I can't seem to figure out how to find the explicit formula for recurrence relation $a_n=2na_{n-1}$, $a_0=1$.

So here is what I have. $a_0 = 1$, $a_1 = 2$, $a_2 = 8$, $a_3 = 48$, $a_4 = 384$.

So from $a_1 = 2$ to $a_2 = 8$, we take 2 * 4 which is 8 for $a_2$. We take 8 * 6 which is 48 for $a_3$ and so on. So each time we are taking the previous value and multiply it by an increment of 2, 4, 6, 8, 10 etc. Like $a_1$ * 4, $a_2$ * 6, $a_3$ * 8, etc. I just can't figure out how to write the explicit formula as I don't see a common different here. It not going up by a common different.

Can someone help me with the rest of this problem? Thank you.

Answer 1

If we think of the two relations $a_n=na_{n-1}$ with solution $a_n=n!$ and $a_n=2a_{n-1}$ with solution $a_n=2^n$, yours is $a_n=2^nn!$

Answer 2

No, it isn’t an arithmetic sequence.

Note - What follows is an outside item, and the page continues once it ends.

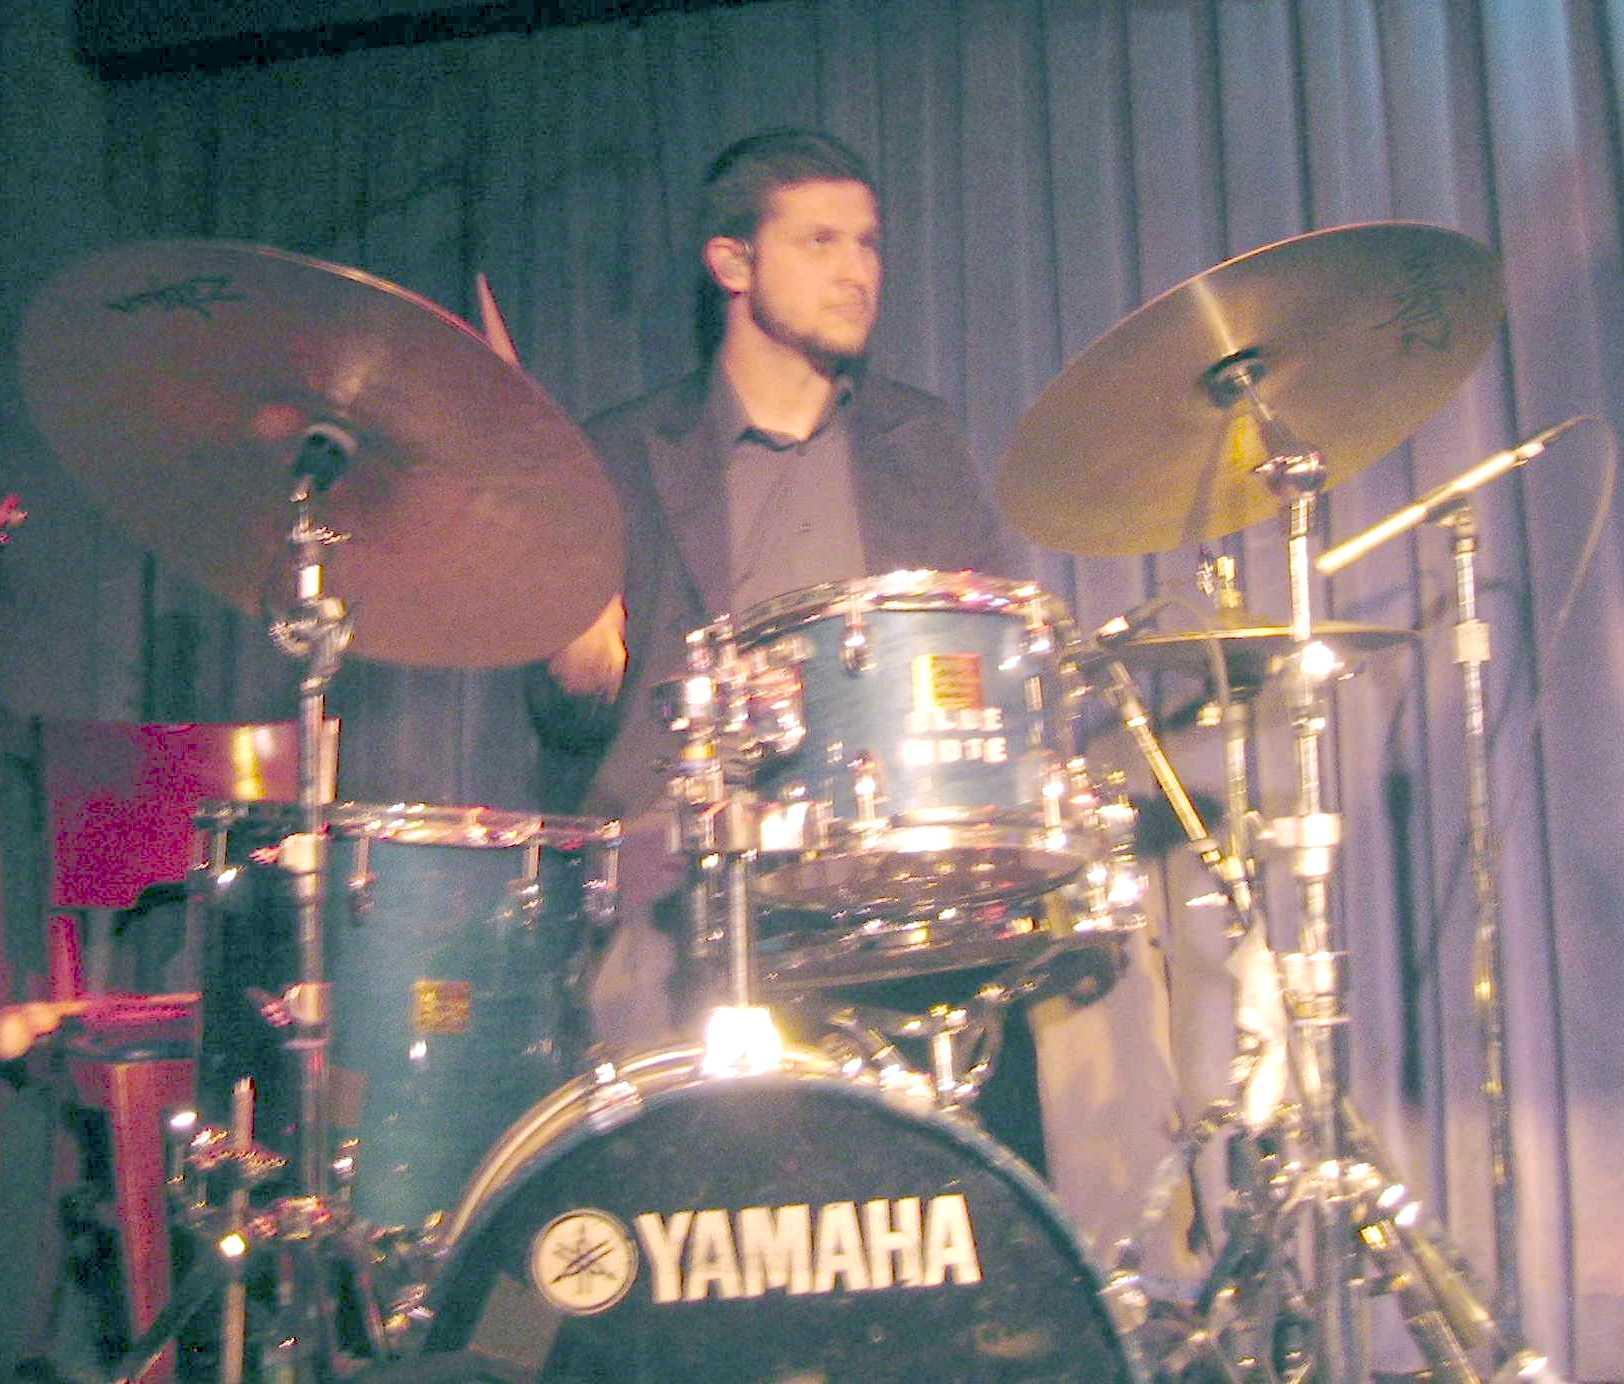 Chad Melton

A useful technique with a first order recurrence like this one is to ‘unwind’ it:

$$\begin{align*} a_n&=2na_{n-1}\\ &=2n\big(2(n-1)a_{n-2}\big)\\ &=2^2n(n-1)a_{n-2}\\ &=2^2n(n-1)\big(2(n-2)a_{n-3}\big)\\ &=2^3n(n-1)(n-2)a_{n-3}\\ &\;\;\vdots\\ &=2^kn(n-1)\ldots(n-k+1)a_{n-k}\\ &=\;\;\vdots\\ &=2^nn(n-1)(n-2)\ldots(n-n+1)a_{n-n}\\ &=2^nn(n-1)(n-2)\ldots(1)a_0\\ &=2^nn(n-1)(n-2)\ldots(1) \end{align*}$$

Can you see a simpler way to write that last expression?

Answer 3

Note

$$a_n = 2n a_{n-1} =2^2n(n-1) a_{n-2} =2^3n(n-1)(n-2) a_{n-3} =...= 2^n n!$$